EXERCISE AIM:
Having found the line that contains "C. Osef | Vrouw", please retype only it and every line after it up to the end of the entries, exactly as written.

GIVEN DATA:

*** Block opens ***

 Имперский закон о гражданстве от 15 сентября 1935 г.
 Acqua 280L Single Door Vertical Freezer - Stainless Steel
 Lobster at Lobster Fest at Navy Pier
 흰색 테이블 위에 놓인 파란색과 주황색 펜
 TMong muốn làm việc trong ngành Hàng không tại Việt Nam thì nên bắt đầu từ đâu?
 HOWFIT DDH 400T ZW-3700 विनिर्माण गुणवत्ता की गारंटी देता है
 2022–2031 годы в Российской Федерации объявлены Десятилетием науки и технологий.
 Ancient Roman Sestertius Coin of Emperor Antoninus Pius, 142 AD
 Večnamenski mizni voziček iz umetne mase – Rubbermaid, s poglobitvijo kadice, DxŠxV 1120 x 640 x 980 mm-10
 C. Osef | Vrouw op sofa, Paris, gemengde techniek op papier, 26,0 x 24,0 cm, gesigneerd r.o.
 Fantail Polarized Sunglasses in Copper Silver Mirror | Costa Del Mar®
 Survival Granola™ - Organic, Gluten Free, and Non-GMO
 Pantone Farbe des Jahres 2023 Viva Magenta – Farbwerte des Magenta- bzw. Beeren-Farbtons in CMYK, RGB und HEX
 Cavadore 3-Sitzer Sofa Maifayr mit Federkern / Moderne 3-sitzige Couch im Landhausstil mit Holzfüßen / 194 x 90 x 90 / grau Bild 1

*** Block closes ***

SOLUTION TO THE EXERCISE:
 C. Osef | Vrouw op sofa, Paris, gemengde techniek op papier, 26,0 x 24,0 cm, gesigneerd r.o.
 Fantail Polarized Sunglasses in Copper Silver Mirror | Costa Del Mar®
 Survival Granola™ - Organic, Gluten Free, and Non-GMO
 Pantone Farbe des Jahres 2023 Viva Magenta – Farbwerte des Magenta- bzw. Beeren-Farbtons in CMYK, RGB und HEX
 Cavadore 3-Sitzer Sofa Maifayr mit Federkern / Moderne 3-sitzige Couch im Landhausstil mit Holzfüßen / 194 x 90 x 90 / grau Bild 1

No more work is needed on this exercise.